Third-lien notes payable over seven years by a company that just had to borrow $74 million from people (including Charlie Ergen) to stay afloat through June 15 is more than fair for a man (Charlie Ergen) who created the whole mess in the first place, according to said company.
LightSquared says it was right to keep Dish Network Corp. Chairman Charlie Ergen out of its restructuring plans, claiming it is “not required to negotiate with a competitor in its capital structure” even if that competitor owns nearly $1 billion of the company’s debt.

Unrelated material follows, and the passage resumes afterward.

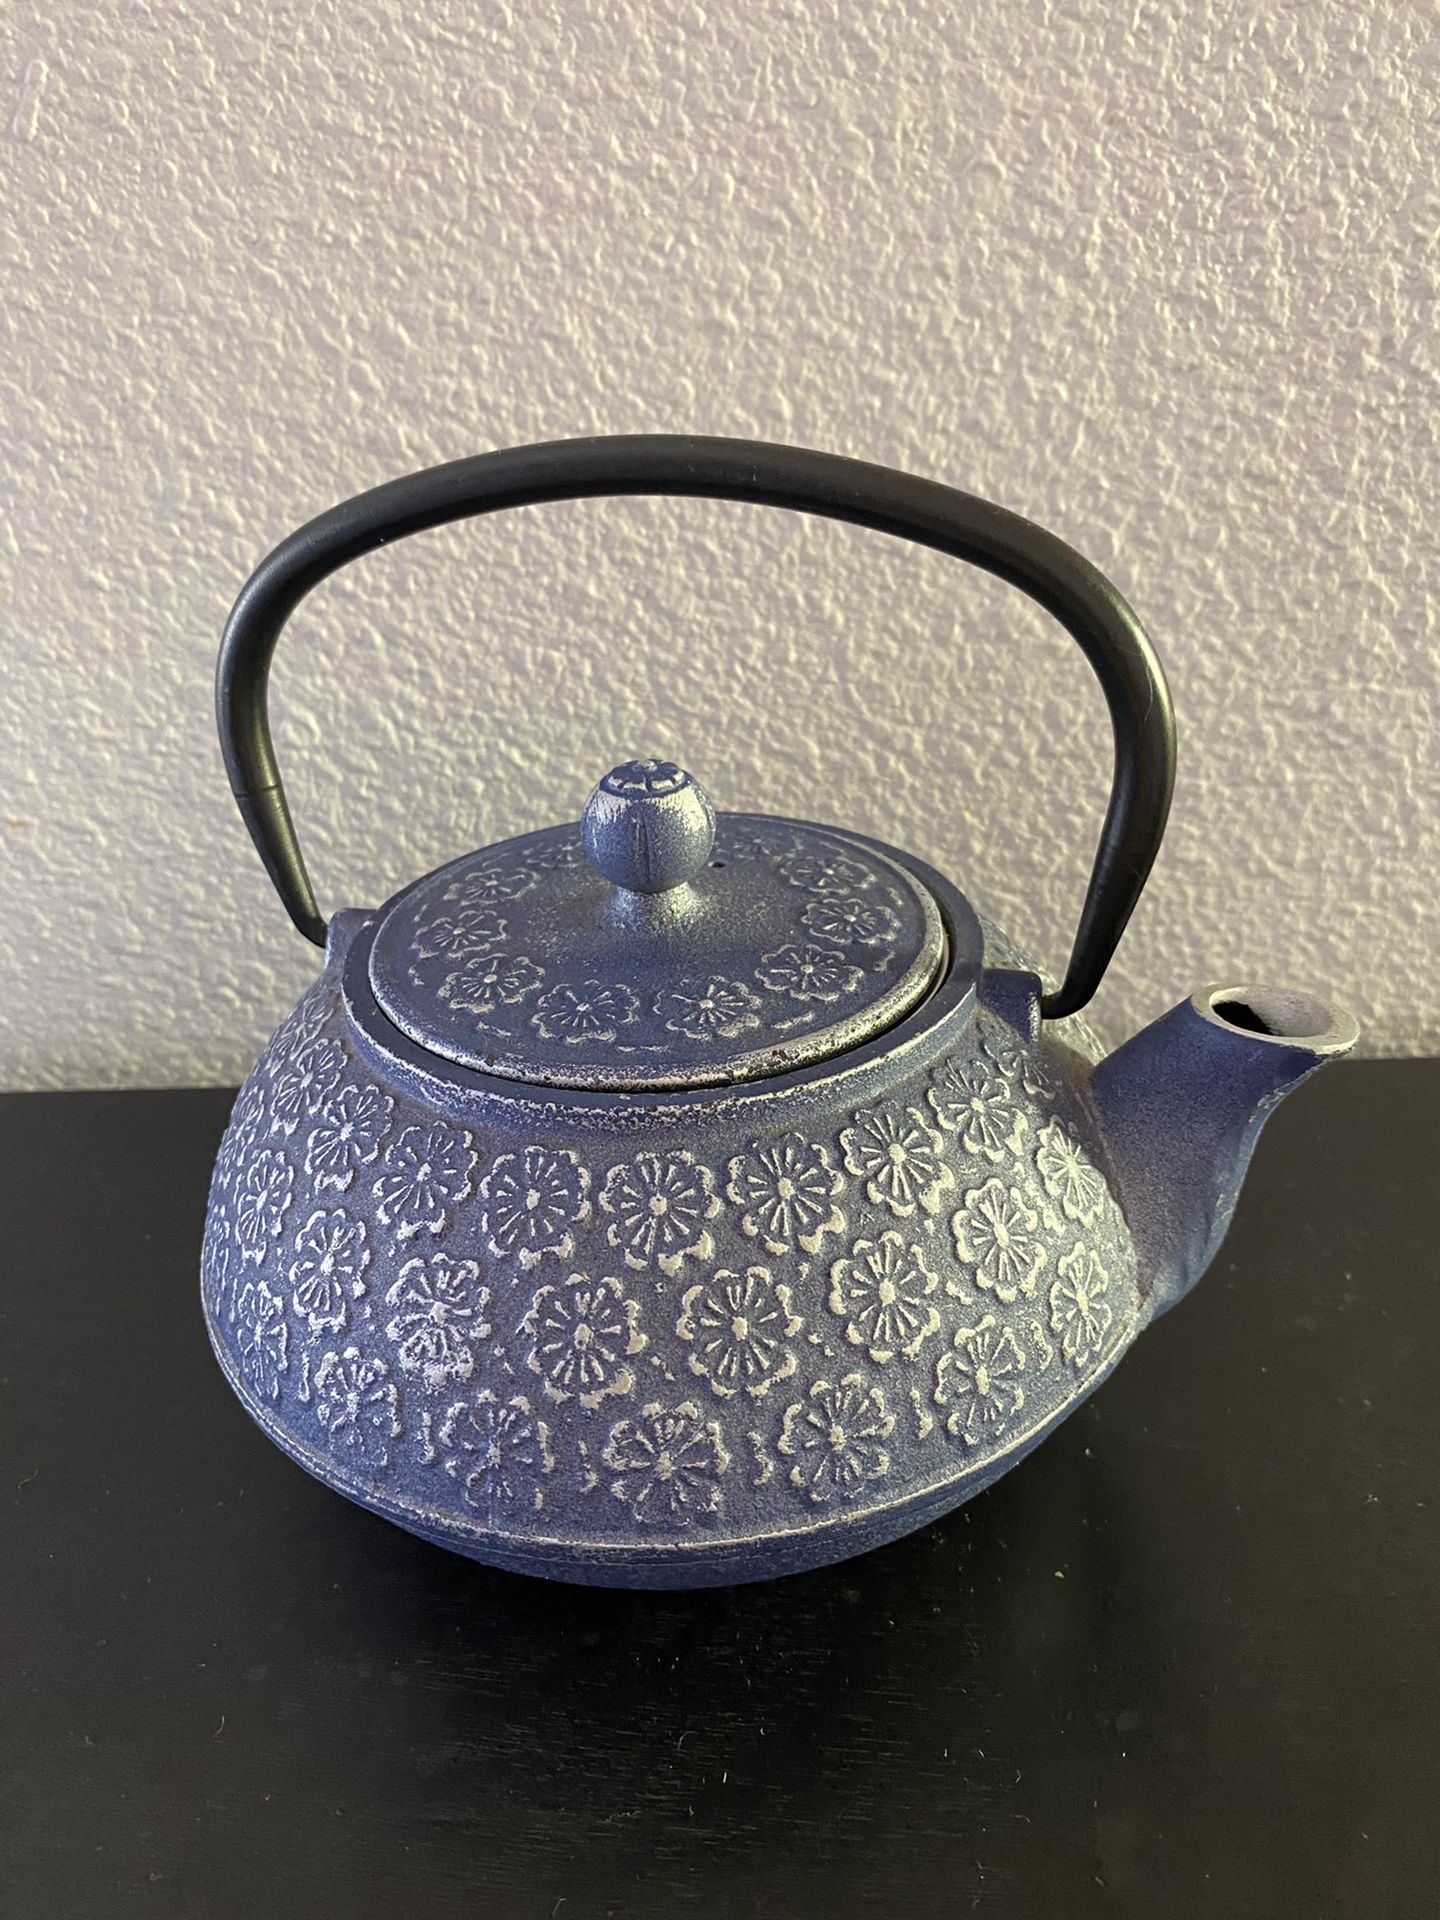 Heavy tea pot

In a Saturday filing with U.S. Bankruptcy Court in Manhattan, lawyers for Philip Falcone’s wireless venture continued making their case that the reorganization plan is fair to Mr. Ergen, LightSquared’s top secured lender.
“There is simply no doubt that [Ergen] is receiving the indubitable equivalent of its claim,” LightSquared said in a filing….
Mr. Ergen has argued that LightSquared’s proposal to pay back his nearly $1 billion in bank debt over seven years via a note, rather than in cash like a group of hedge funds that own the same type of debt, violates the Bankruptcy Code….
LightSquared says Mr. Ergen’s holdings should be disallowed or placed below the claims of other creditors. Mr. Ergen has said he bought it for himself through his SP Special Opportunities LLC investment vehicle and that he wasn’t acting on behalf of Dish, which dropped its $2.2 billion bid for LightSquared’s spectrum assets earlier this year.